_Work request_
Retype nothing except the lines below from the one with "Domnique Strauss-Kahn et" through the one with "Le Tour de France", exactly, with images left out.

_Provided entries_
= = = =
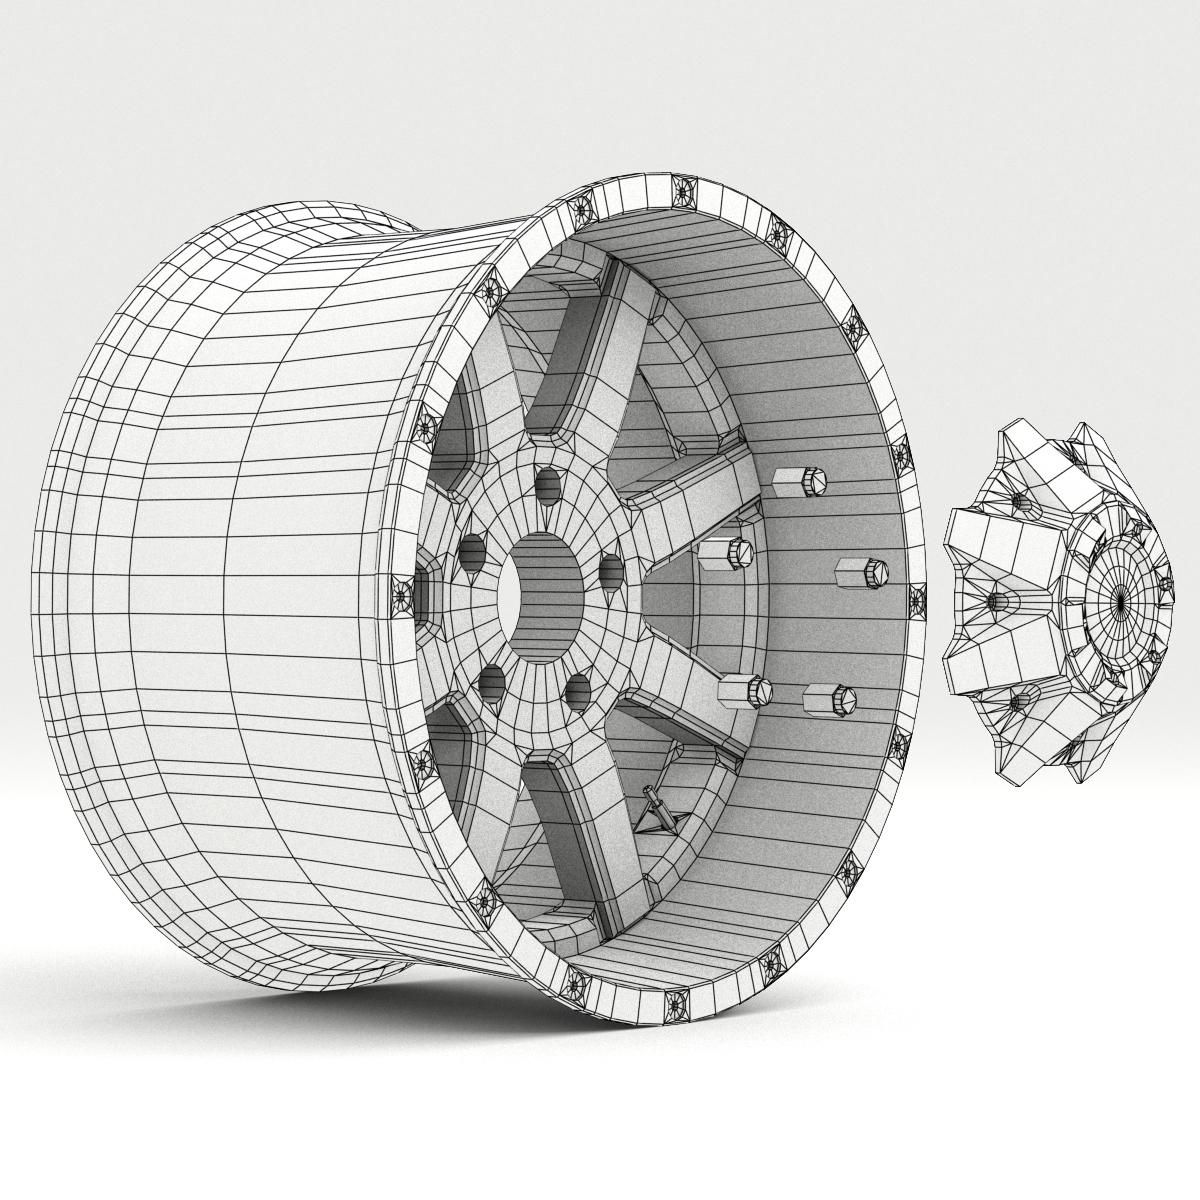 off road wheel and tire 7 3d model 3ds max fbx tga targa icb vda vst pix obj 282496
= = = =
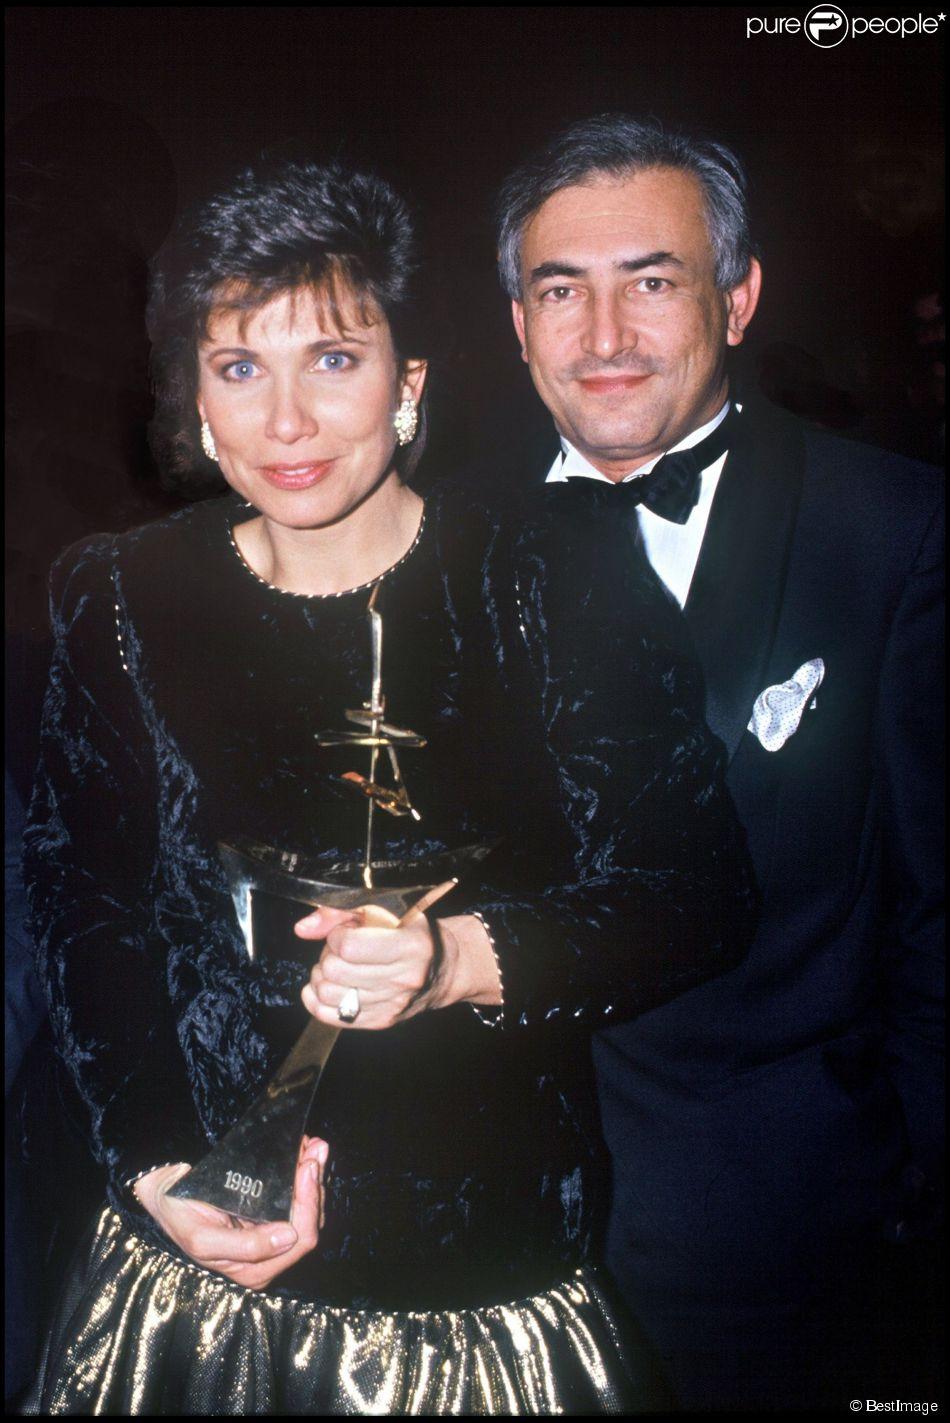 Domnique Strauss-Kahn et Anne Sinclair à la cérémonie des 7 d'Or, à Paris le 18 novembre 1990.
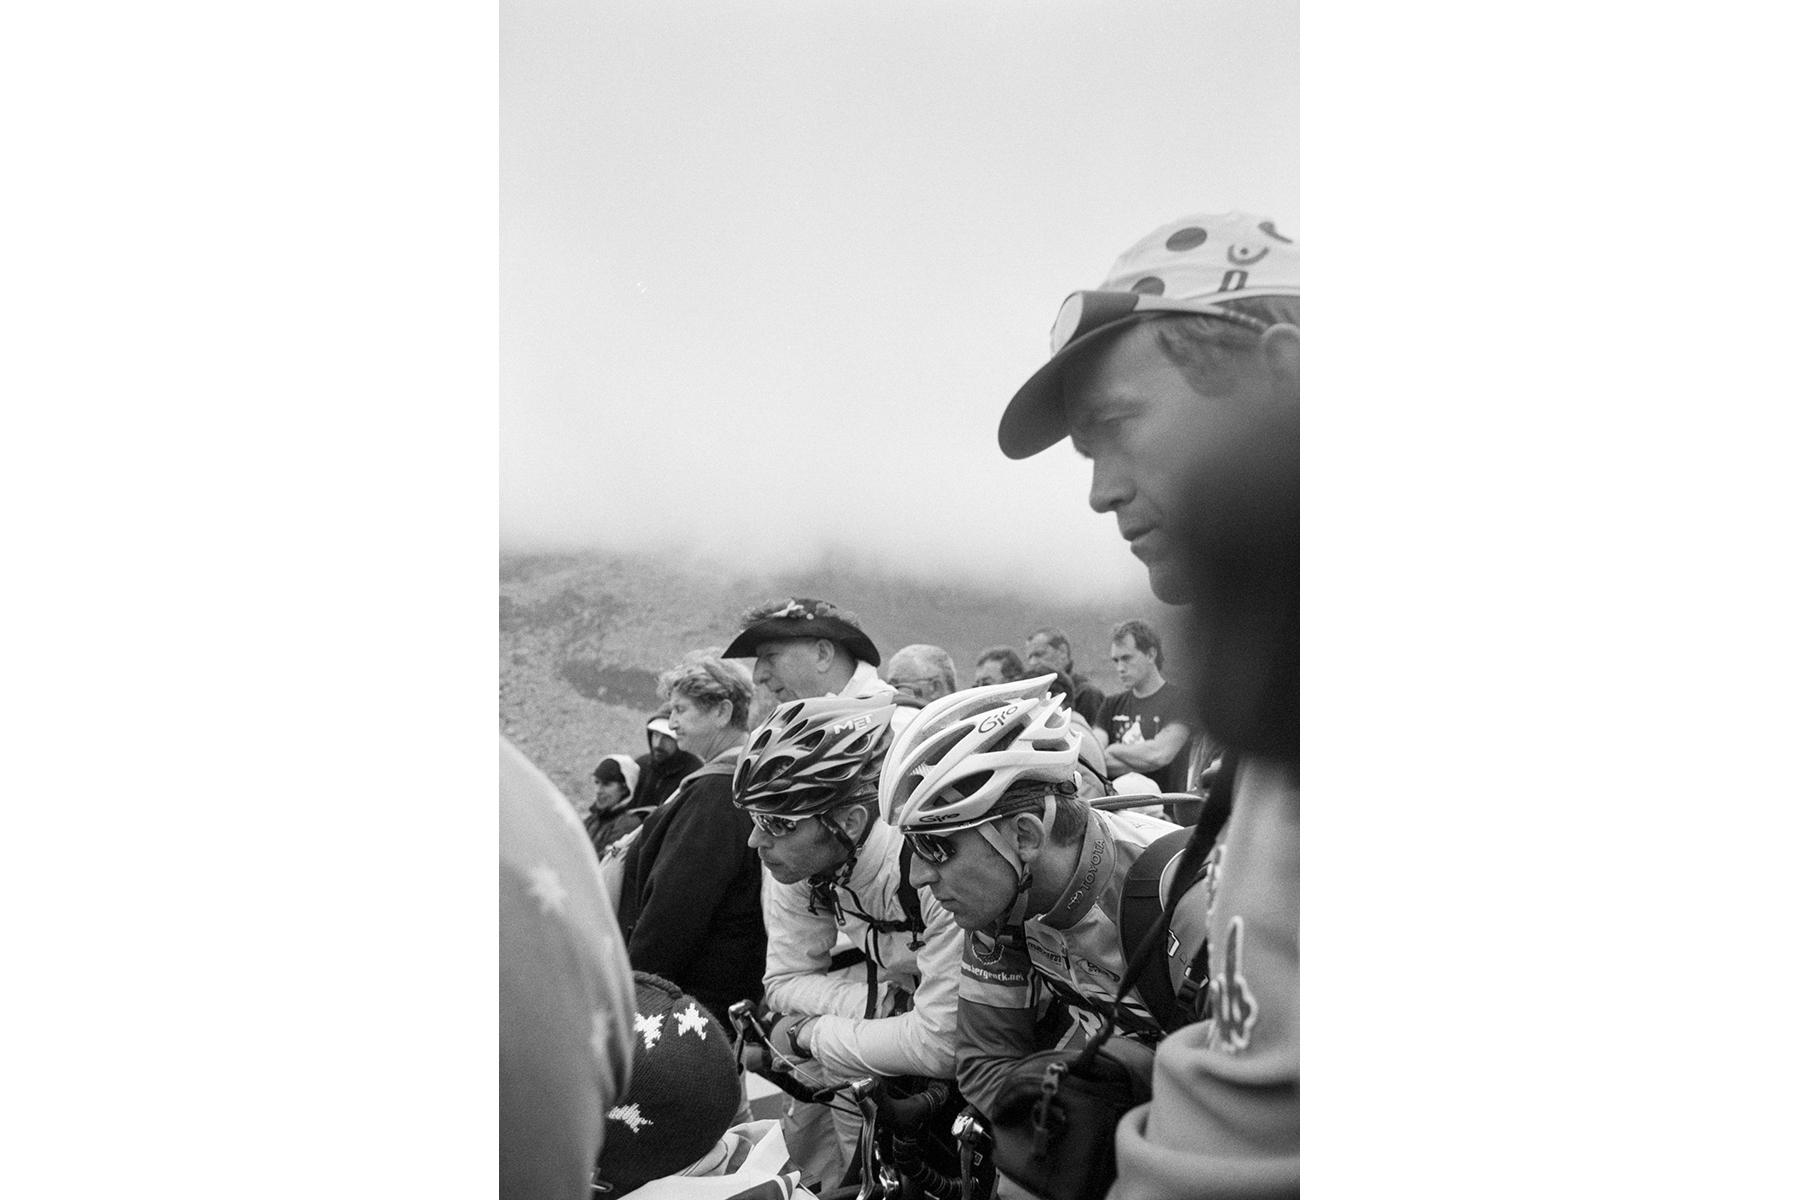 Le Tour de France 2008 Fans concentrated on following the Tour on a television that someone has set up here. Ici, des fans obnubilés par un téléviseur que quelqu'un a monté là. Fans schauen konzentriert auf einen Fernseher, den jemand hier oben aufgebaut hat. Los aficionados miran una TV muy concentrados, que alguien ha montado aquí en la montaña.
= = = =
_Reply_
 Domnique Strauss-Kahn et Anne Sinclair à la cérémonie des 7 d'Or, à Paris le 18 novembre 1990.
 Le Tour de France 2008 Fans concentrated on following the Tour on a television that someone has set up here. Ici, des fans obnubilés par un téléviseur que quelqu'un a monté là. Fans schauen konzentriert auf einen Fernseher, den jemand hier oben aufgebaut hat. Los aficionados miran una TV muy concentrados, que alguien ha montado aquí en la montaña.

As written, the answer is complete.